Software’s traditional defensive moats are now defenseless. For decades, the “mythical man-month” law held that adding engineers to a late project made it later. On The a16z Show, Ben Horowitz argues that law is dead. With enough capital, GPUs, and data, companies can now compress two years of development into weeks.
This liquefies the advantages that once protected incumbents. Horowitz claims customer lock-in, proprietary data, and user interface complexity - the classic software moats - are eroding because AI agents can easily replicate code and navigate any UI to migrate data. The result is what he terms a “SaaSpocalypse,” where the terminal value of legacy software companies is in doubt because an AI agent, not a human, is the end user.
“For decades, the 'mythical man-month' was gospel: you couldn't hire your way to a faster product. That rule is dead. If a company is two years behind, it can now simply buy enough GPUs and data to compress that timeline into weeks.”
- Ben Horowitz, The a16z Show
The direct impact is on human roles, particularly at startups that can now automate entire development roadmaps.
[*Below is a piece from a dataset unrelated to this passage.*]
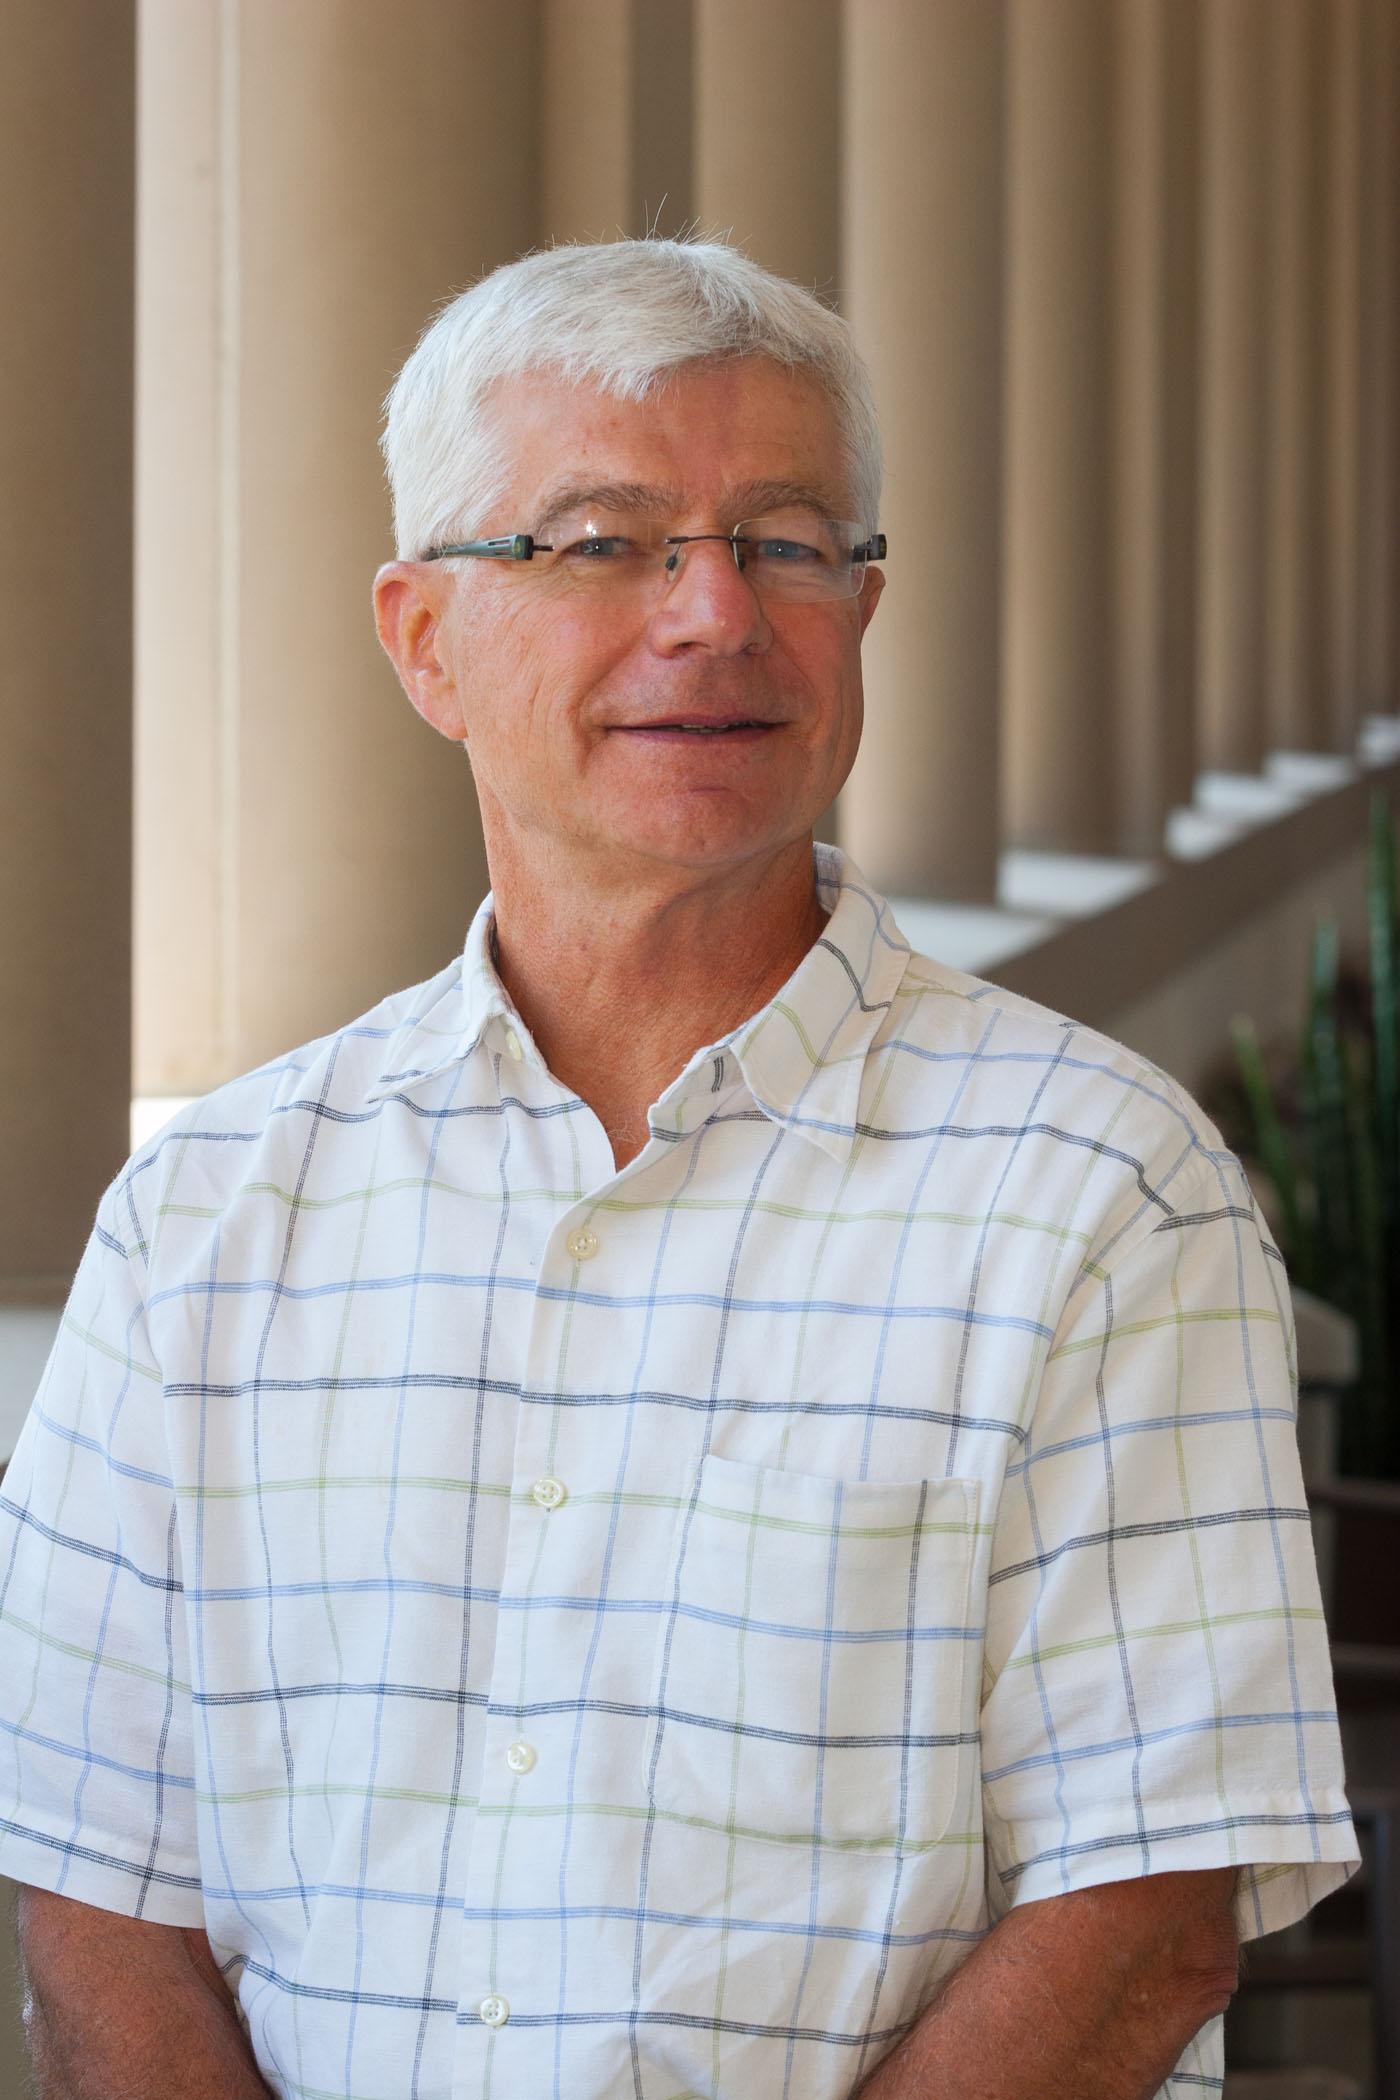 Daniel A. Mazmanian, Academic Director

The shift is rapidly eliminating junior developer and QA positions, as highlighted in prior Frontier coverage of AI agents deskilling software teams. This isn't a future prediction; it’s an ongoing operational change.
While the AI sector shows vertical growth, broader market signals suggest caution. On Bankless, Michael Nadeau tracks a global liquidity peak, a process that typically takes a full year to bottom. He notes Bitcoin transaction volumes and Solana’s bonding curve revenue have collapsed to bear market levels, signaling a lack of broad buyer conviction despite sector-specific AI demand.
Horowitz sees the convergence of AI and crypto as the next necessary infrastructure layer, arguing blockchains will provide the verification needed in a world flooded with AI-generated content and autonomous agents. For now, the immediate story is the erasure of software's old rules and the human roles built on them.